Supplied data >>

***

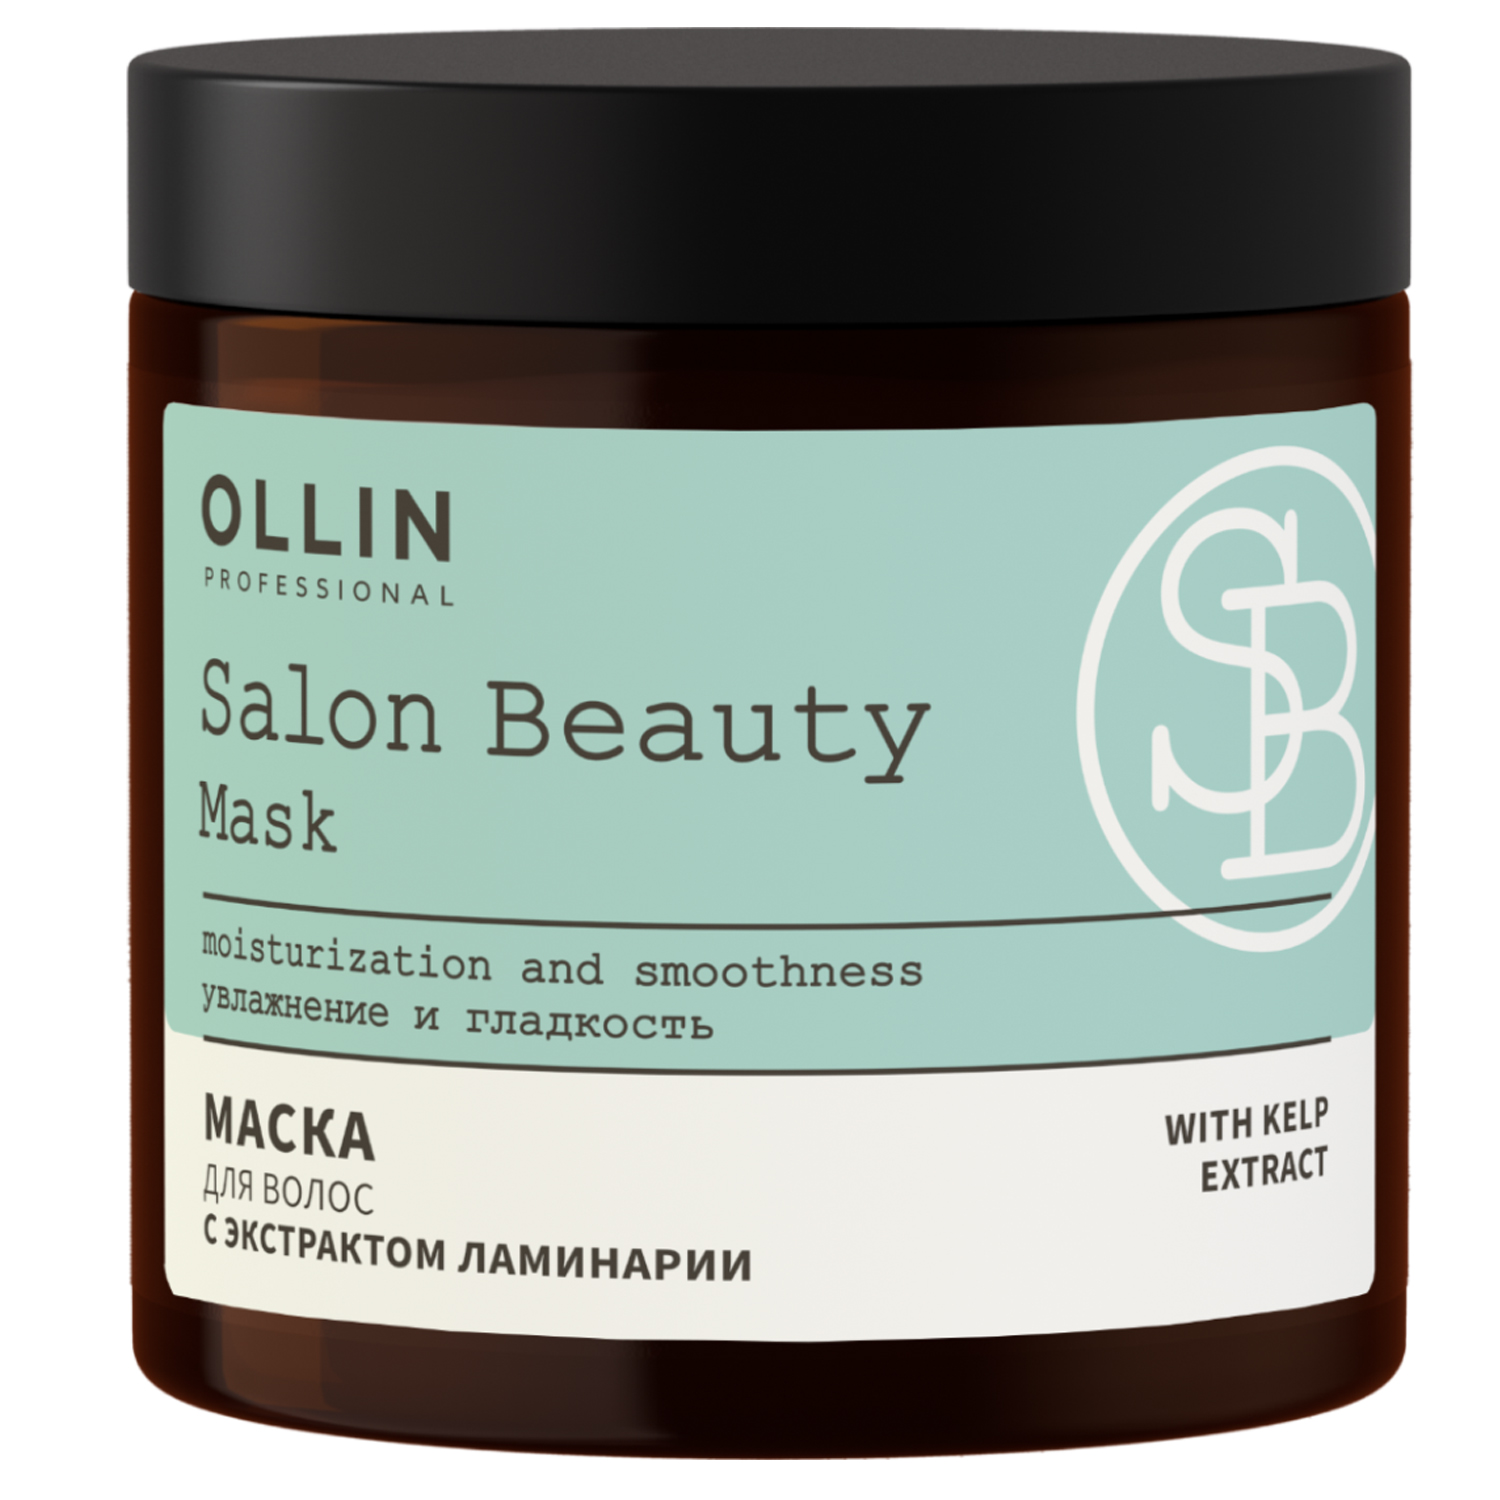 Ollin Professional Маска для волос с экстрактом ламинарии, 500 мл (Ollin Professional, Salon Beauty) маска для волос ollin professional с экстрактом ламинарии 500 мл в megalopolis professionals
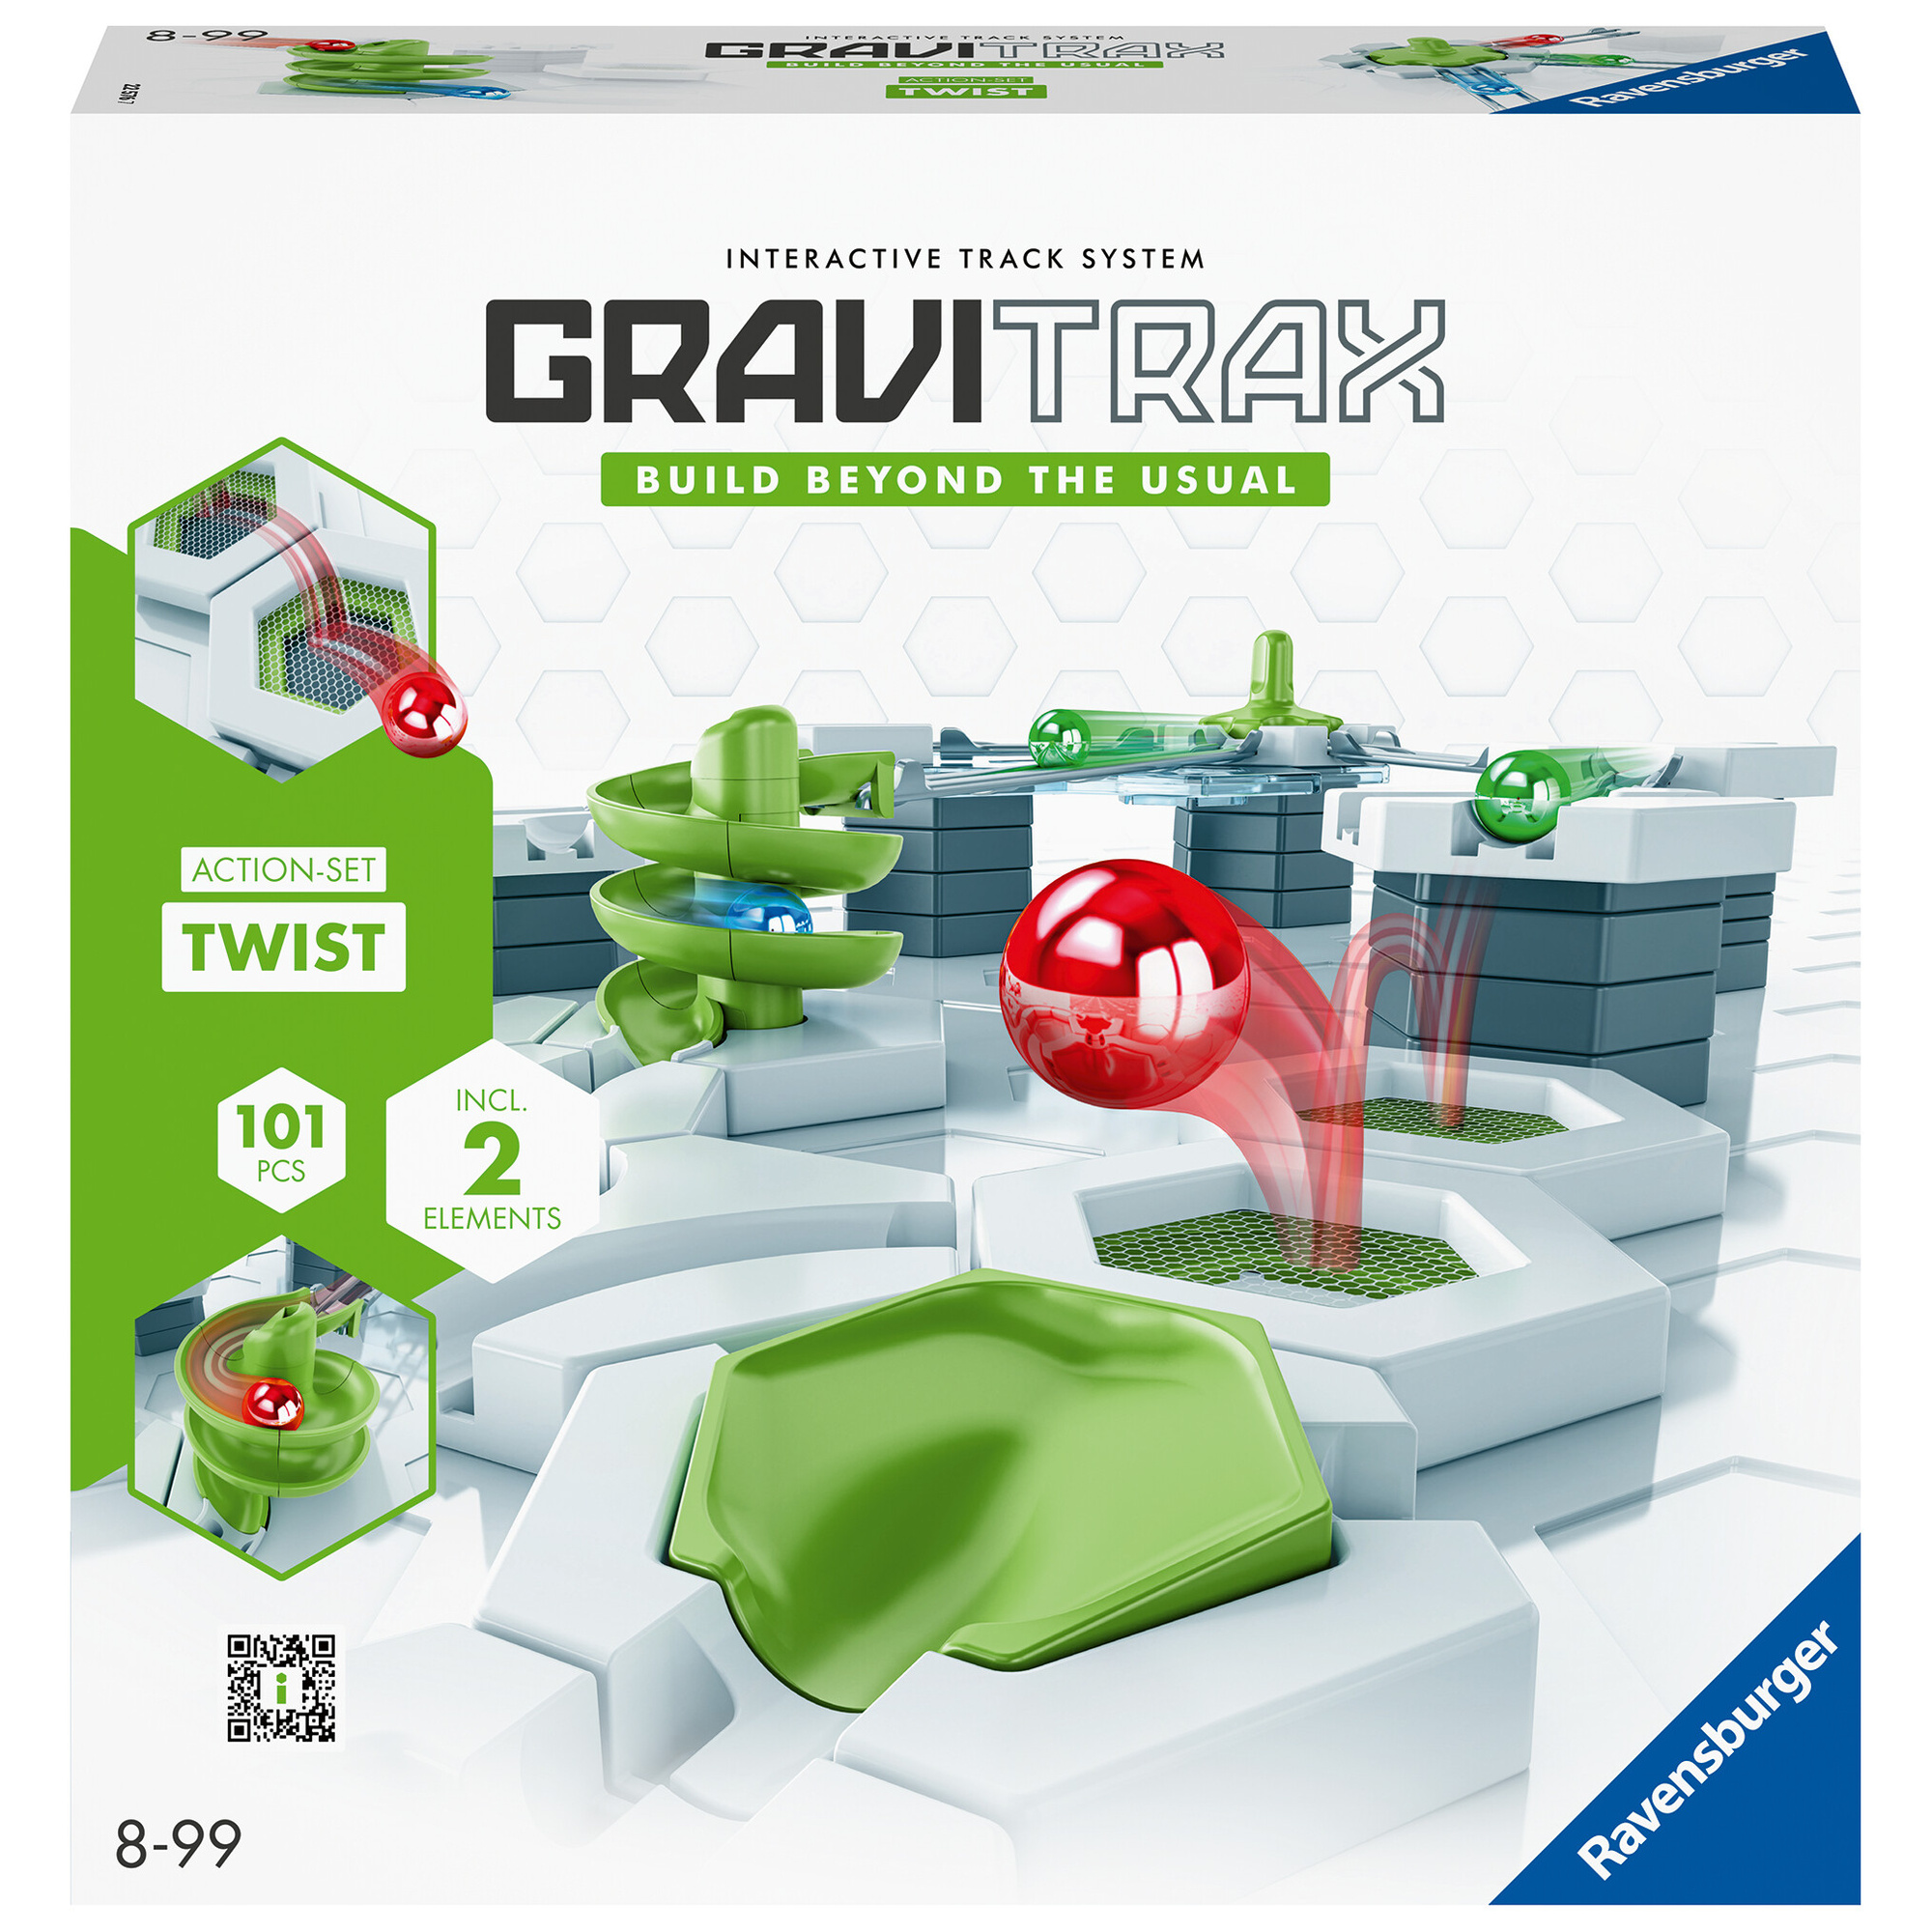 Ravensburger gravitrax action-set twister starter set, pista di biglie, gioco educativo stem, più di 100 pz, compatibile con tutti i gravitrax, 8+ - GRAVITRAX
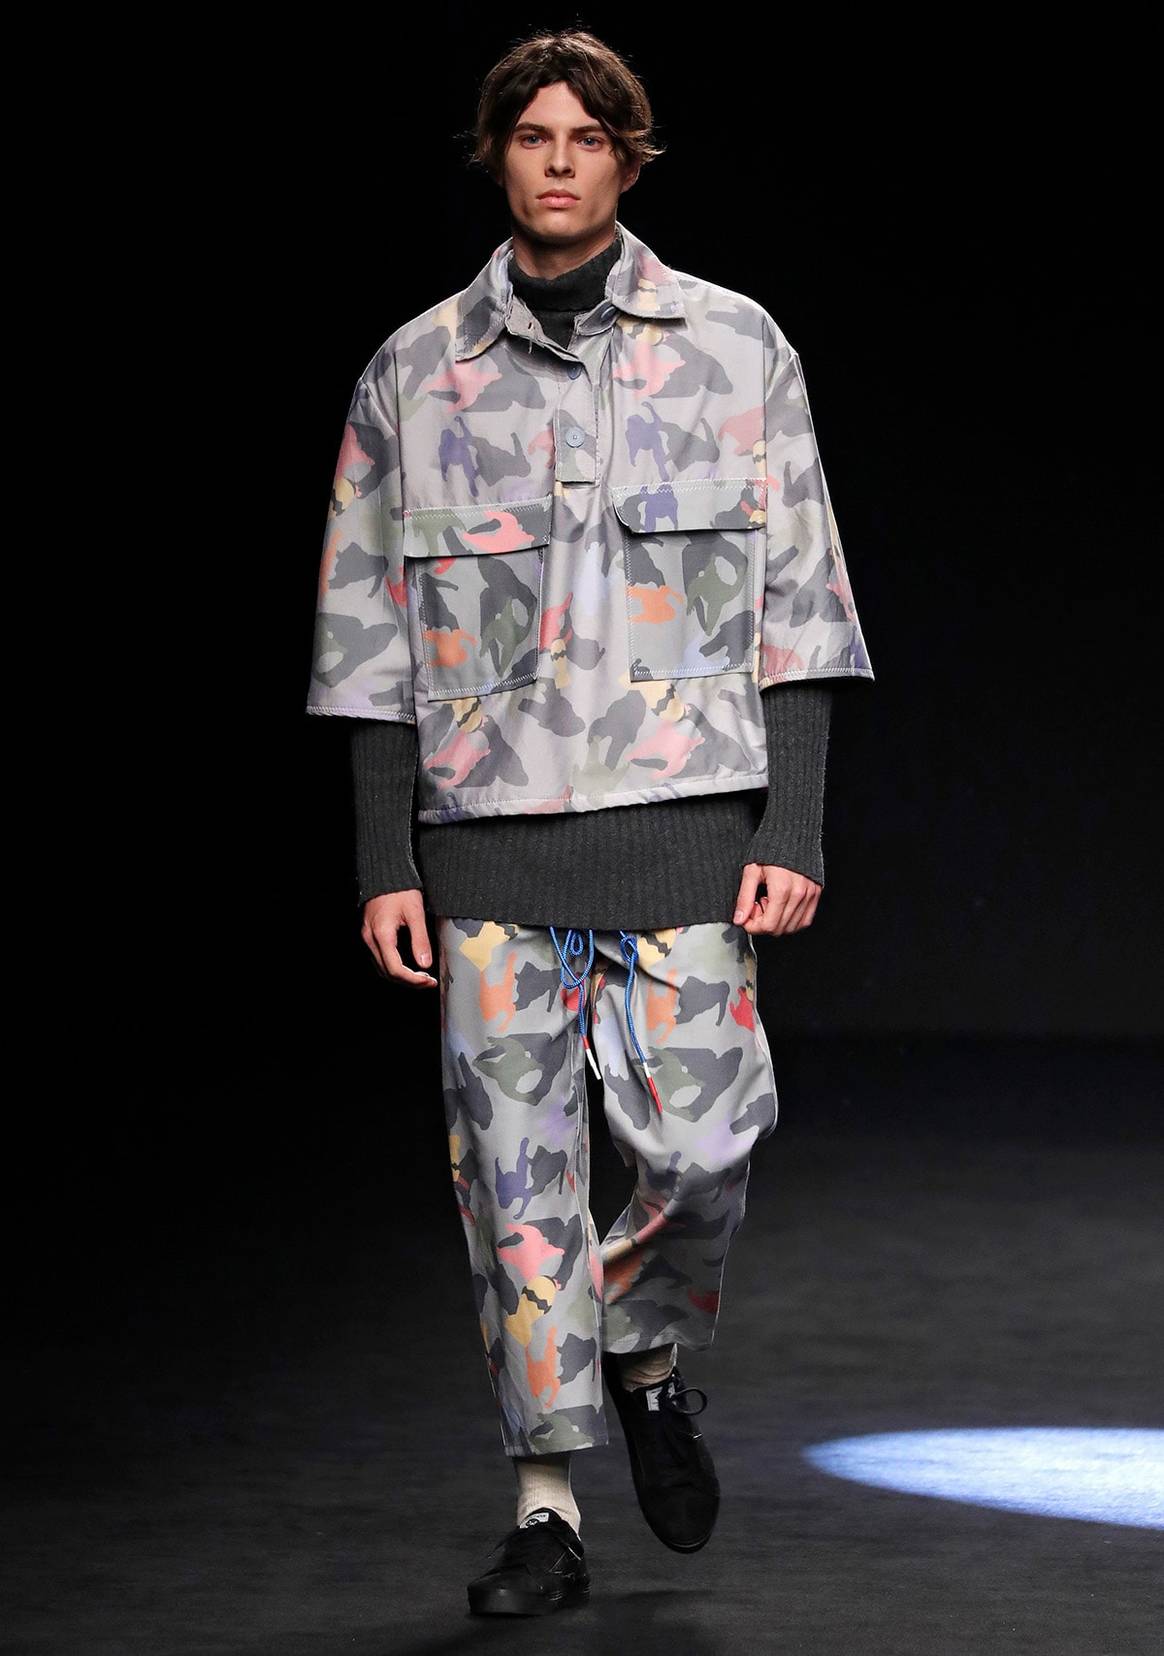 La moda “re-use” de Rubearth, ganadora del premio Mercedes-Benz Fashion Talent

***

What to produce >> Repeat the data verbatim, excluding all pictures.

Output for this exercise >>
 Ollin Professional Маска для волос с экстрактом ламинарии, 500 мл (Ollin Professional, Salon Beauty) маска для волос ollin professional с экстрактом ламинарии 500 мл в megalopolis professionals
 Ravensburger gravitrax action-set twister starter set, pista di biglie, gioco educativo stem, più di 100 pz, compatibile con tutti i gravitrax, 8+ - GRAVITRAX
 La moda “re-use” de Rubearth, ganadora del premio Mercedes-Benz Fashion Talent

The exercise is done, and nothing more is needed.